The principle investigator, (Dr. Olson), is currently a postdoctoral fellow at the University of Iowa. He has significant experience studying bacterial physiology, biofilm production and host colonization factors. Within the next 12 months, he plans on obtaining a tenure track academic position at a major research institute with a future research focus on understanding S. aureus physiology and pathogenesis. The long-term objectives of his laboratory will be to understand the molecular mechanisms involved in S. aureus colonization. His research interests involve understanding how the staphylococci interact with each other and with the host. The main project that he is pursuing involves the characterization of a novel quorum-quenching protein that S. aureus secretes. Current work involves elucidating the mechanism by which S. aureus is able to disrupt and alter genetic function of other bacteria, specifically, S. epidermidis. Overall, the understanding polymicrobial interactions and the effects of bacteria have on each other will be used to gain insight into both human colonization and the dynamics of the human microbiome.

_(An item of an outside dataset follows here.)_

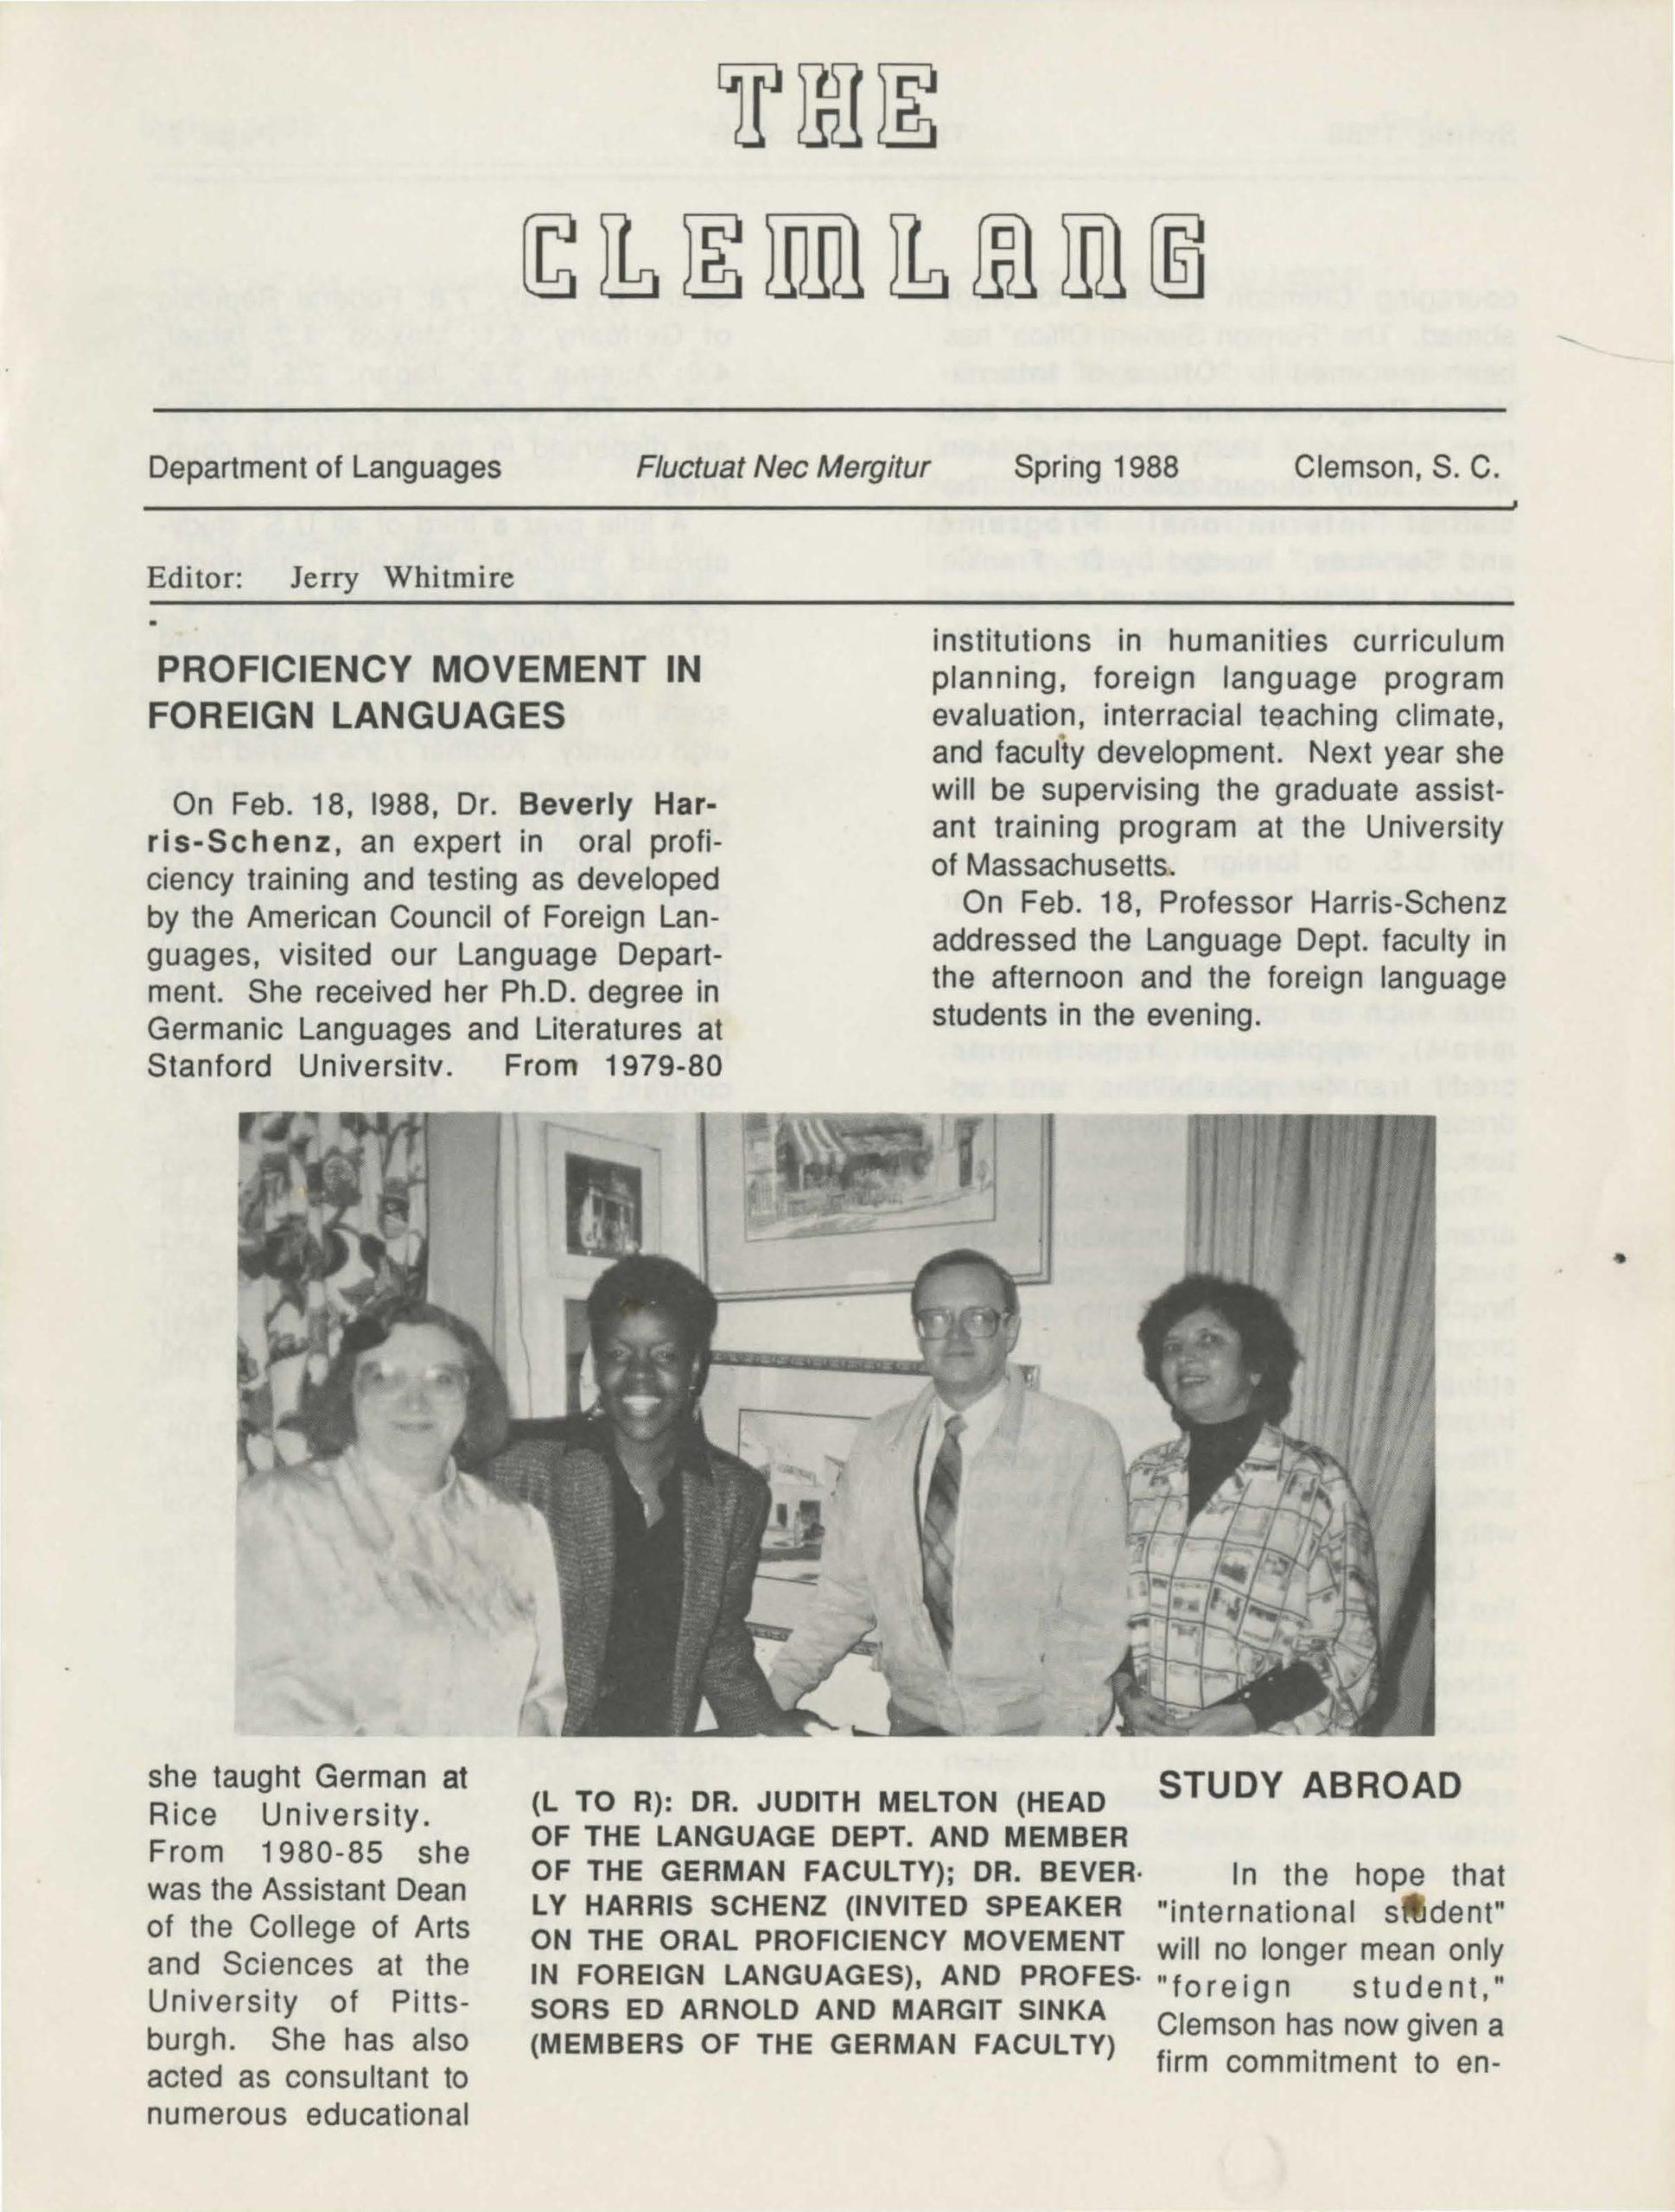 Clemson University Department of Languages Newsletters

The specific aims of this proposal are: I) determine the extent, breadth and distribution of the quorum quenching protein, SqqA; II) define the mechanism by which SqqA interferes with S. epidermidis quorum sensing; and III) assess how this polymicrobial interplay modulates the colonization state of the human host. Dr. Olson's research plan has great relevance to public health as S. aureus is a major cause of infection and death in community and hospital associated infections. Findings from the proposed project will increase understanding of S. aureus colonization mechanisms and may lead to new therapeutic options for preventing S. aureus infections.
S. aureus is a major human pathogen that frequently causes a wide spectrum of diseases. The continued emergence of antibiotic-resistant strains emphasizes the need to identify new therapeutic targets for the treatment of S. aureus infections and prevention of colonization. Accomplishing the specific aims outlined in this proposal will improve our knowledge of S. aureus production of a novel quorum-quenching compound (Aim 1). The mechanism by which this protein, SqqA, is able to interfere with S. epidermidis agr function will be determined (Aims 2). The biological role of this interspecies interaction will be assessed (Aims 3).